Baca berita dengan sedikit iklan, klik di sini
PENAWARAN saham perdana (initial public offering/IPO) PT Garuda Indonesia Tbk menyisakan kisah sedih bagi tiga penjamin emisinya. Alih-alih bisa segera meraup untung, tiga perusahaan sekuritas milik negara—PT Bahana Securities, PT Danareksa Sekuritas, dan PT Mandiri Sekuritas—terancam membukukan kerugian dalam buku neracanya, akhir Februari ini, akibat harga saham Garuda terus turun.
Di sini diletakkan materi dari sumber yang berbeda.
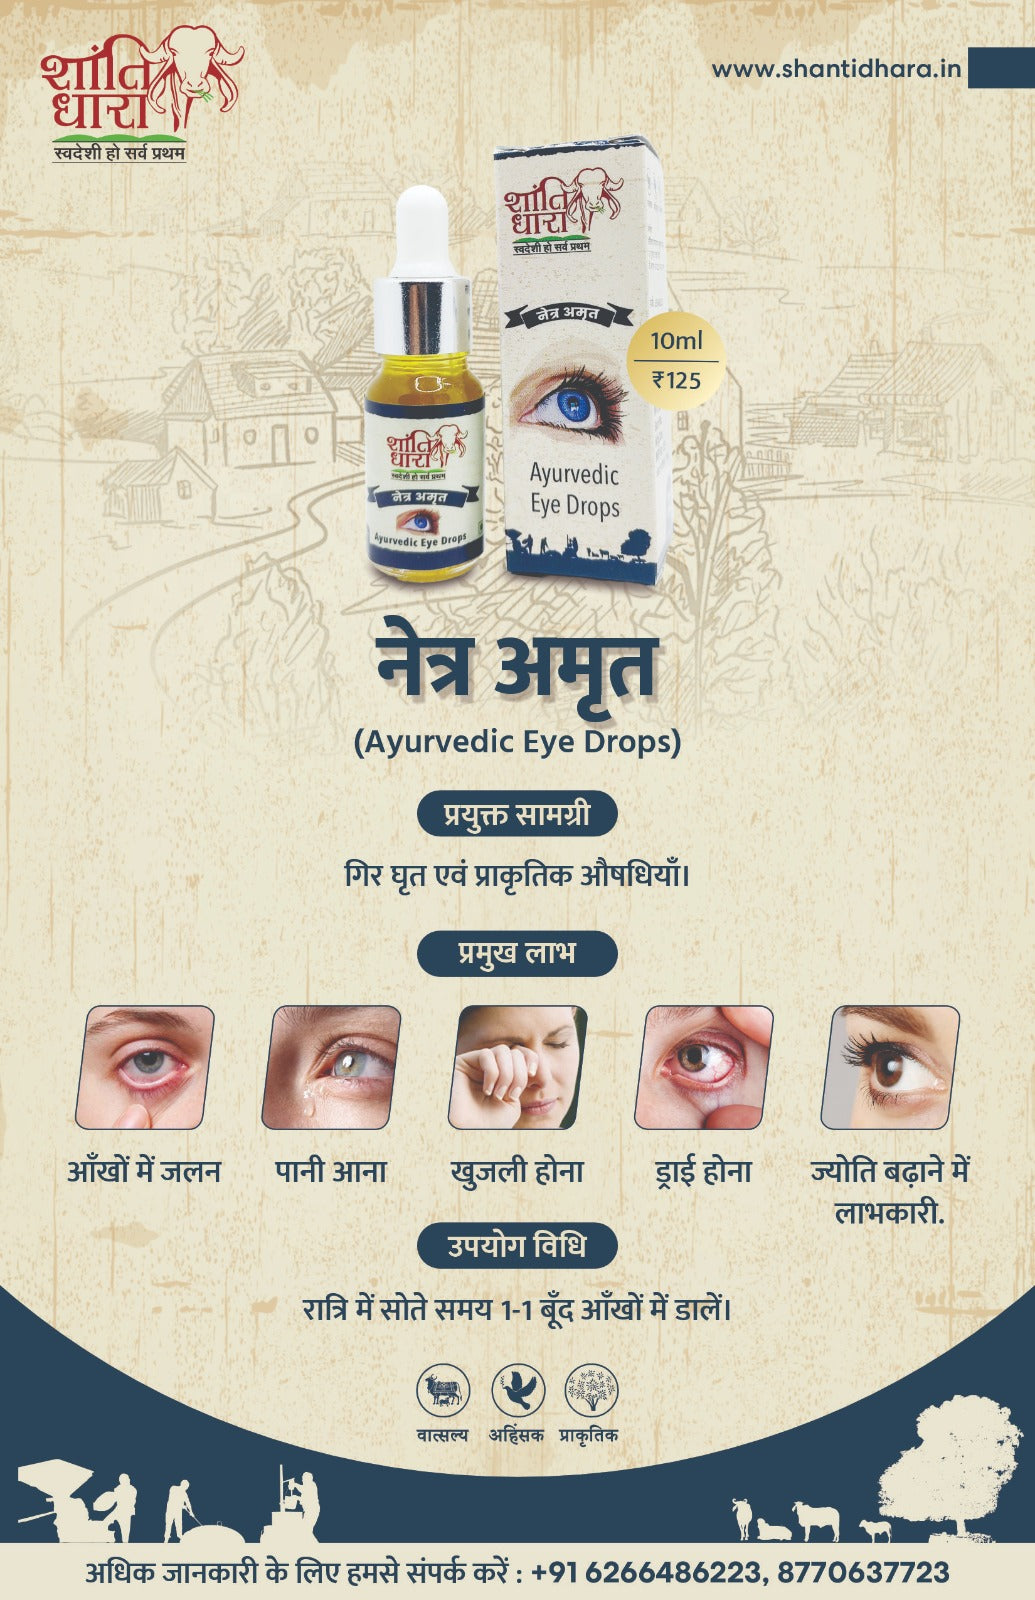 नेत्र अमृत ( Ayurvedic Eye Drops) (Netra Amrit) आखों की ड्रॉप

Sejak resmi melantai di Bursa Efek Indonesia pada Jumat, 11 Februari lalu, harga saham Garuda sudah melorot 31 persen. Pada akhir perdagangan Jumat pekan lalu, harga saham berkode GIAA itu hanya dihargai Rp 530, jauh dibanding harga perdananya Rp 750 selembar. Menurut sumber Tempo, ketiga broker pelat merah ini masing-masing memiliki empat persen saham Garuda. Ini akibat saham Garuda yang tak laku dijual dalam program penawaran saham perdana tiga pekan lalu.
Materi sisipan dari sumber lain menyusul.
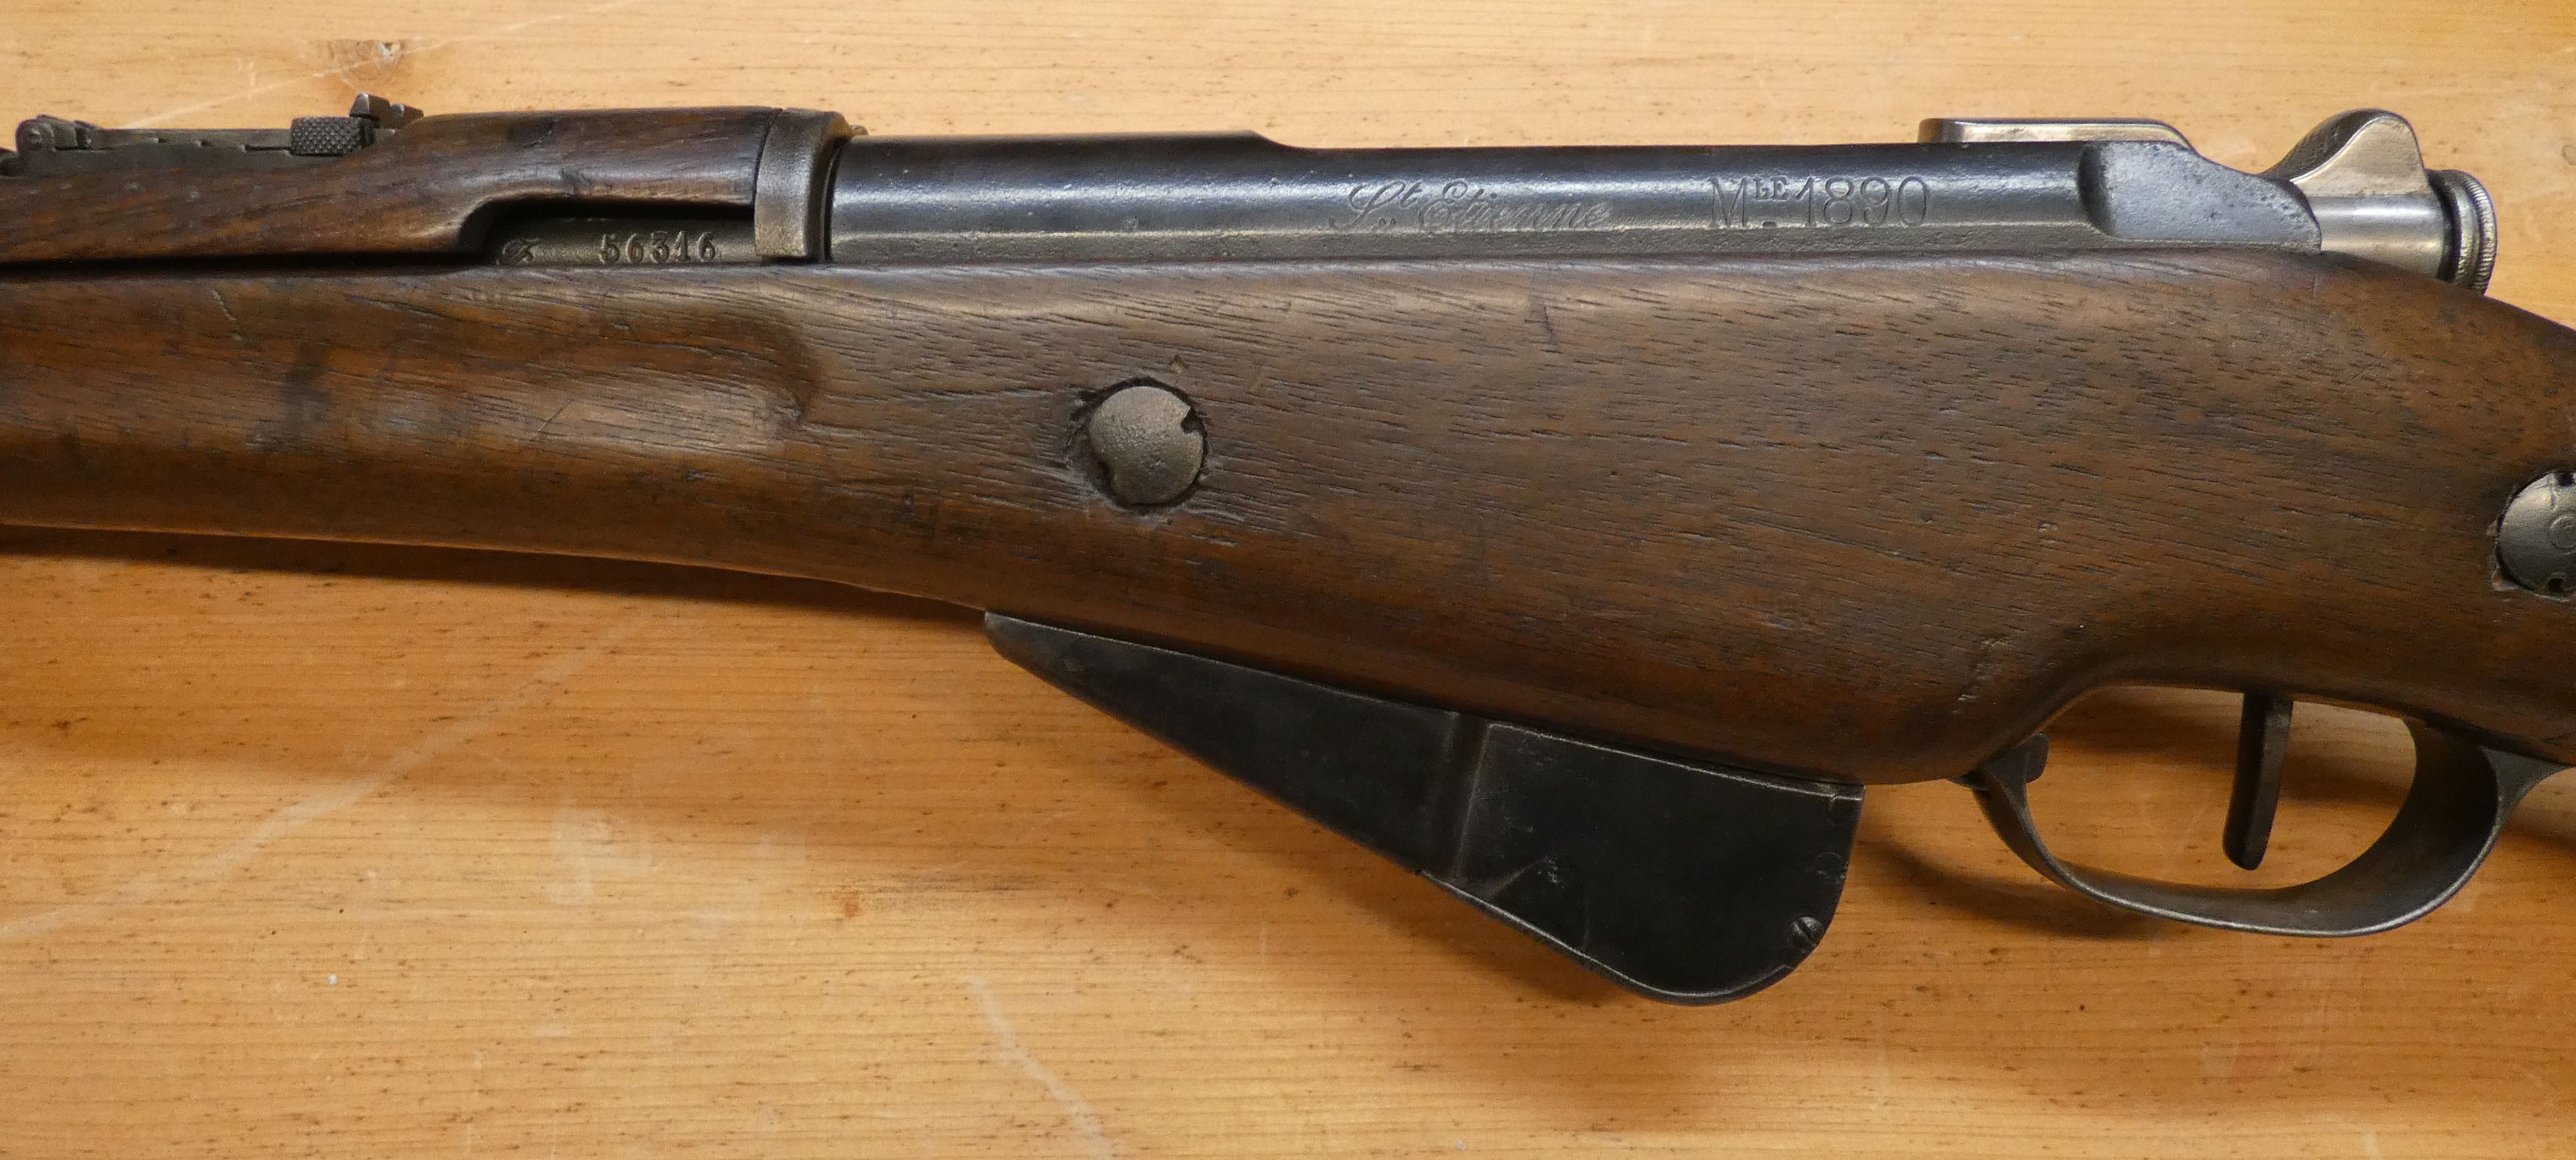 présentation d'une carabine Mle 1890 transformée 1916 22

Total potensi kerugian (potential loss) Bahana, Mandiri, dan Danareksa dari perdagangan saham maskapai itu hampir menembus Rp 690 miliar. Modal kerja bersih disesuaikan (MKBD) tiga perusahaan efek itu pun semakin tergerus. ”Apes betul, dan ini dialami oleh semua penjamin emisi saham Garuda,” tutur sumber ini kepada Tempo pekan lalu.
Bahana Securities, Mandiri Sekuritas, dan Danareksa sedang nahas. Menurut seorang petinggi penjamin emisi Garuda, dalam IPO lalu, saham Garuda yang tak laku mencapai 3,01 miliar lembar dari total yang dijual 6,27 miliar lembar. Jumlah saham Garuda tak terjual itu setara dengan 12 persen atau senilai Rp 2,25 triliun. Bahana, Mandiri, dan Danareksa harus ”menelan” masing-masing empat persen saham.
Akibatnya, Bahana, Mandiri, dan Danareksa pontang-panting mencari duit untuk menyerap saham Garuda itu. Danareksa Sekuritas dan Bahana terpaksa berutang ke PT Danareksa (persero) dan PT Bank Mandiri. Danareksa (persero) mengucurkan duit Rp 750 miliar kepada Danareksa Sekuritas—unit usahanya sendiri—dan Rp 250 miliar kepada Bahana. Bahkan Bahana harus mencari tambahan utang ke Bank Mandiri dan pasar uang. Mandiri Sekuritas meminjam dari induknya (Bank Mandiri), senilai Rp 750 miliar. ”Padahal jangka waktu pinjamannya pendek dan bunganya tinggi sekali,” ujarnya.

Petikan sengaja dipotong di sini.